» **Dataset extract**
----

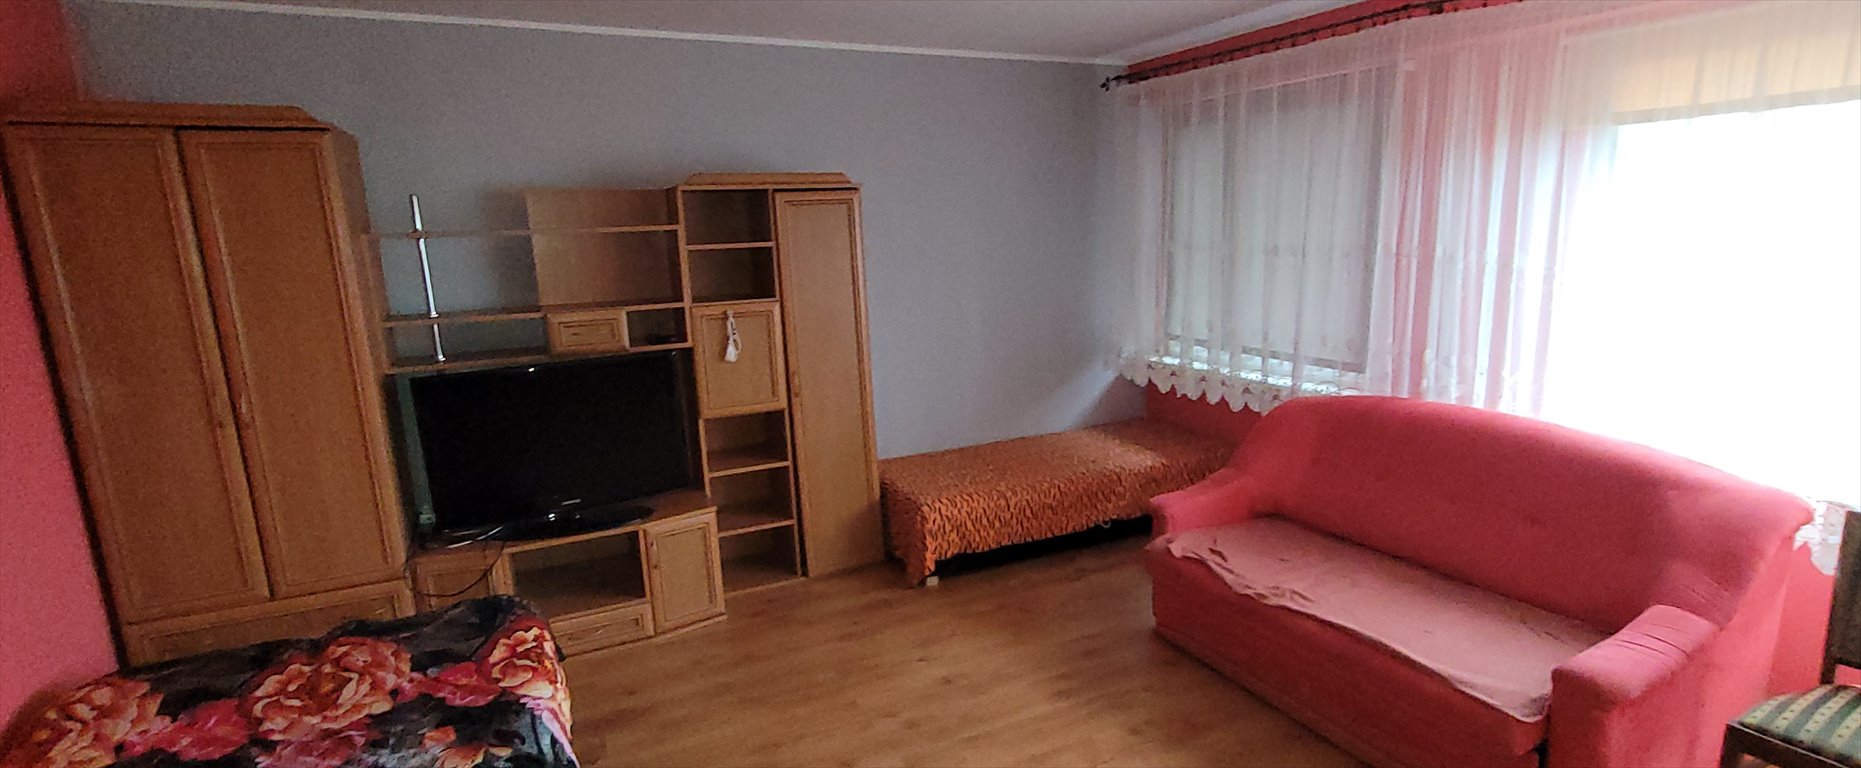 Mieszkanie trzypokojowe na sprzedaż Trzemeszno, Piastowska  58m2 Foto 3
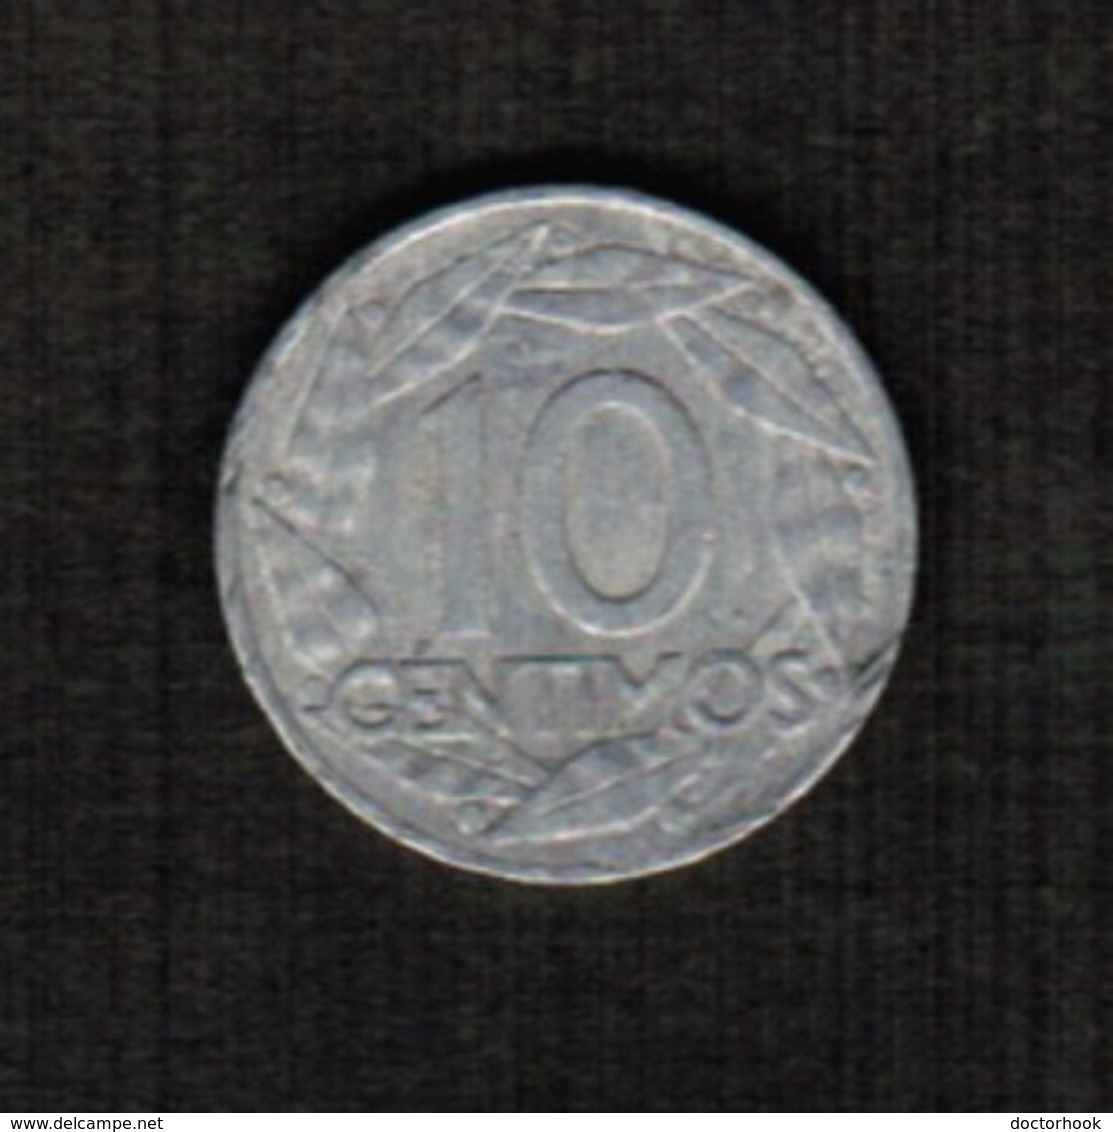 SPAIN  10 CENTIMOS 1959 (KM # 790) #5296 - 10 Céntimos
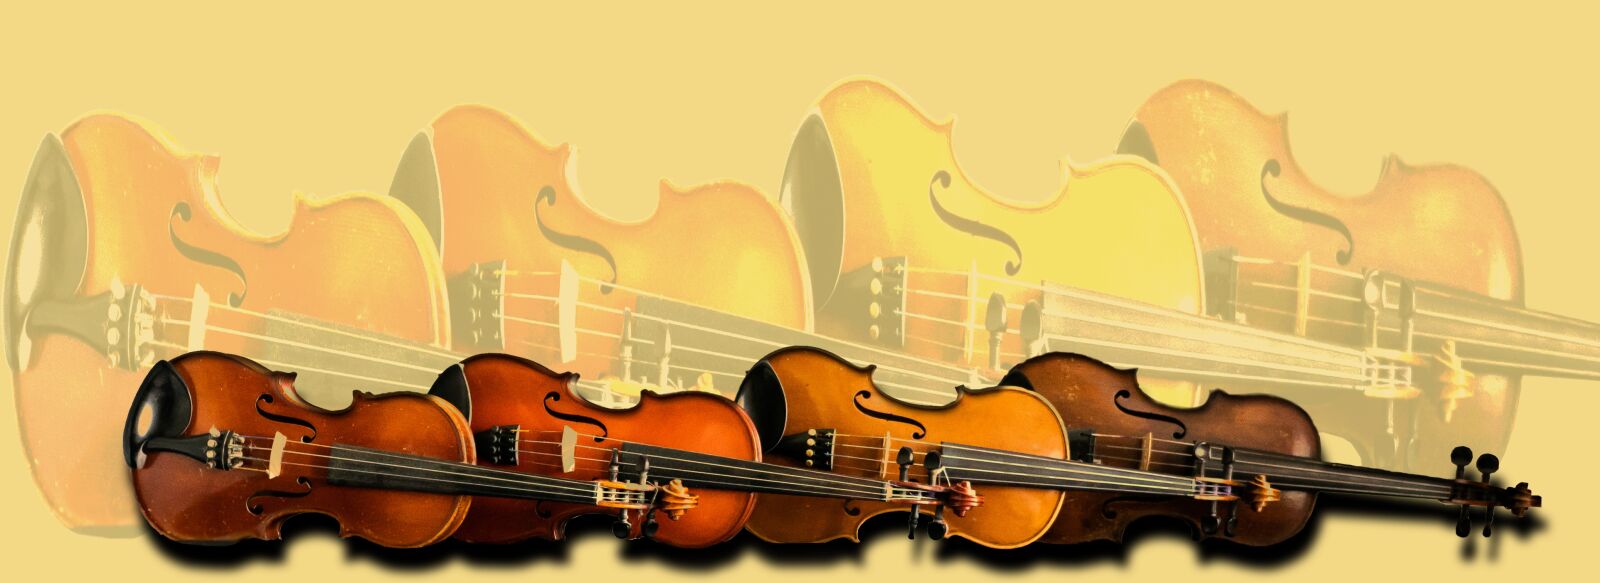 LEICA DG SUMMILUX 15/F1.7 sample photo. Violin, viola, quartet photography
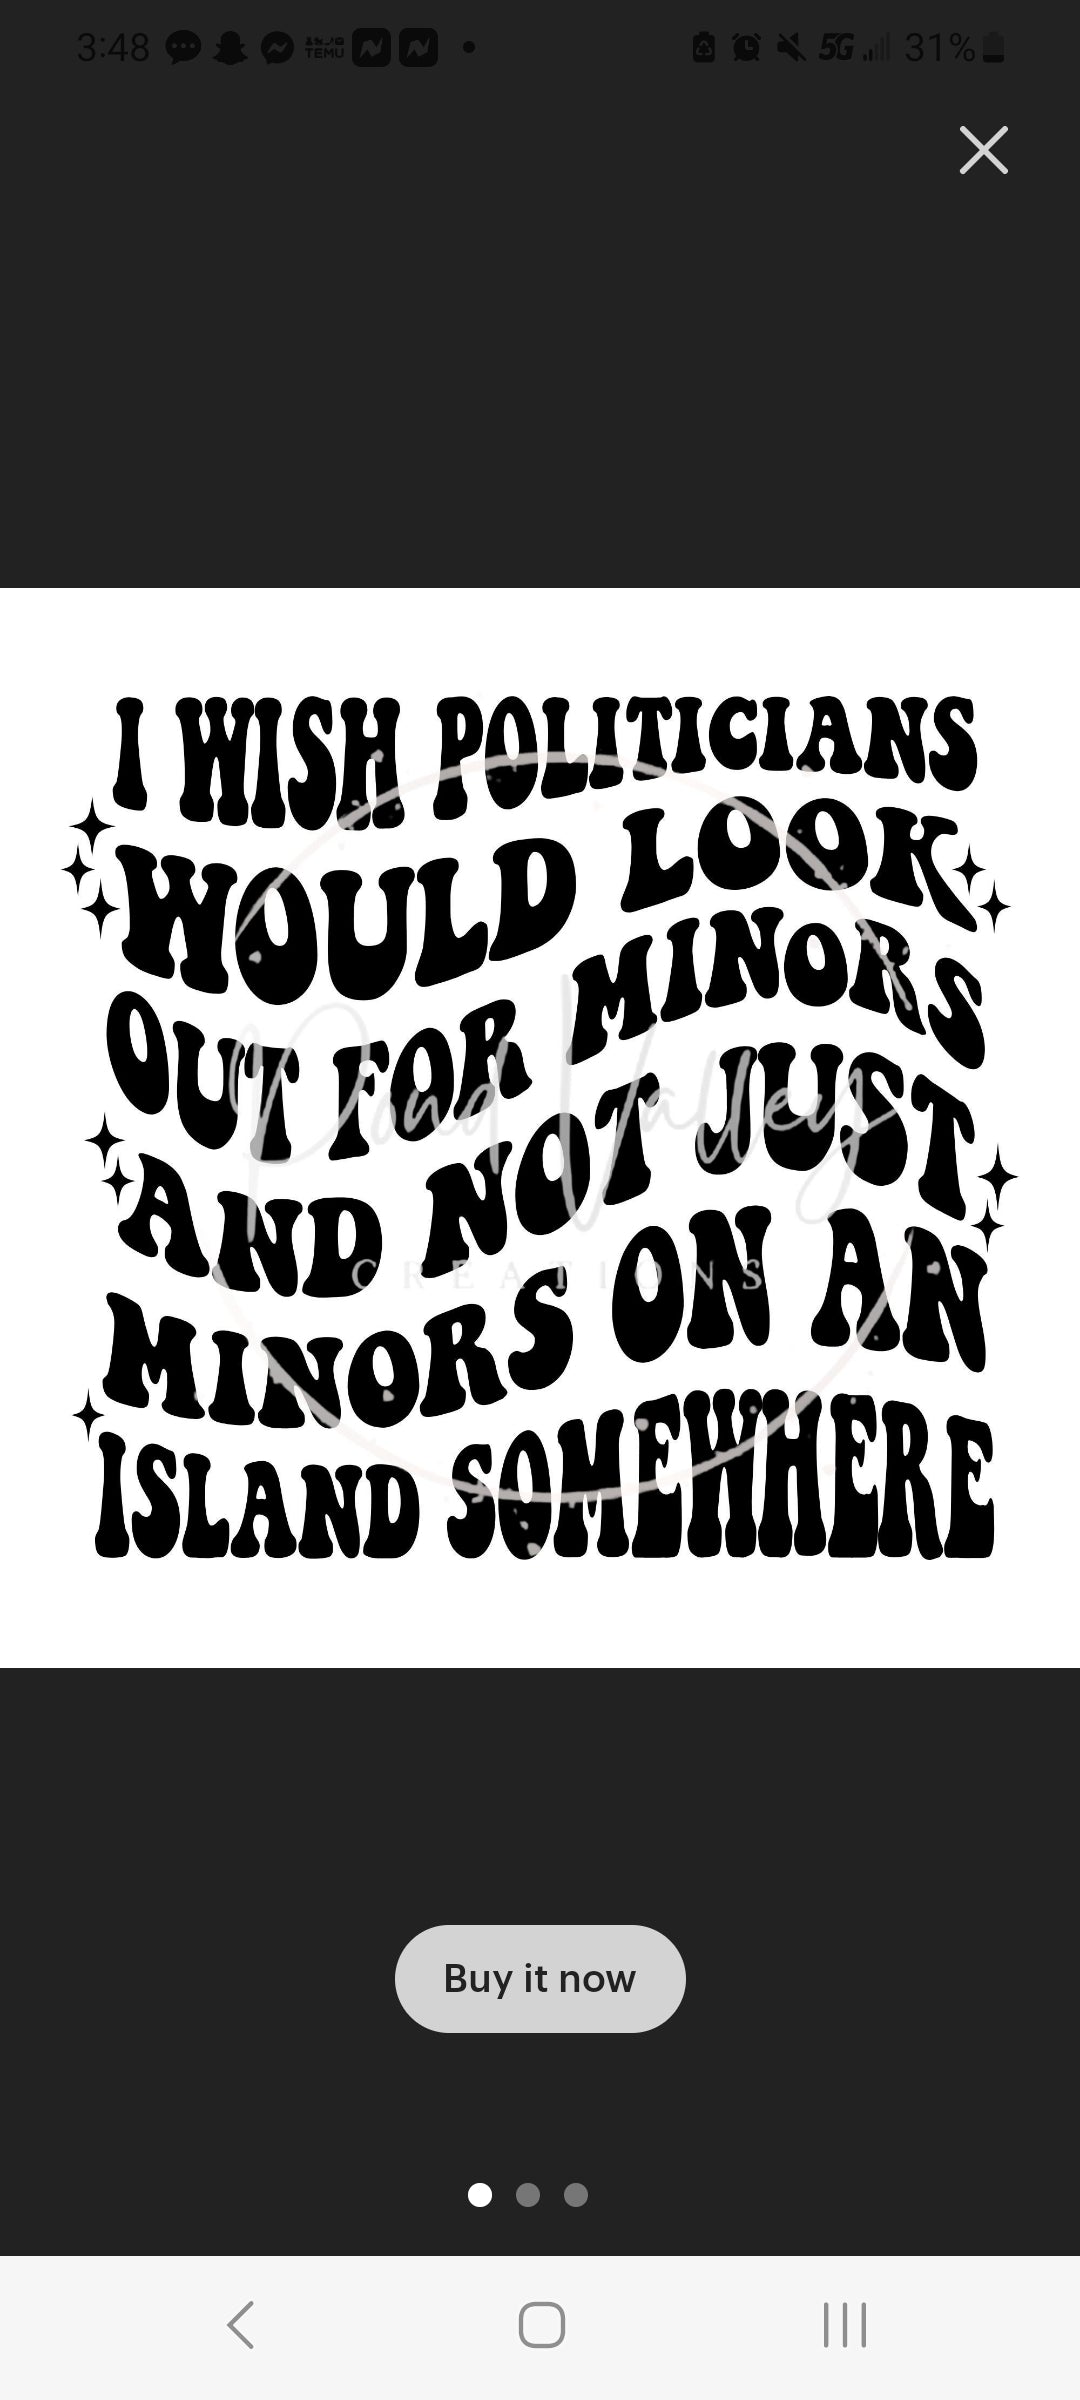 I wish politicians

----

» **Action item**
Set down the material exactly, every line of it, except for the pictures.

» **Completed task**
 Mieszkanie trzypokojowe na sprzedaż Trzemeszno, Piastowska  58m2 Foto 3
 SPAIN  10 CENTIMOS 1959 (KM # 790) #5296 - 10 Céntimos
 LEICA DG SUMMILUX 15/F1.7 sample photo. Violin, viola, quartet photography
 I wish politicians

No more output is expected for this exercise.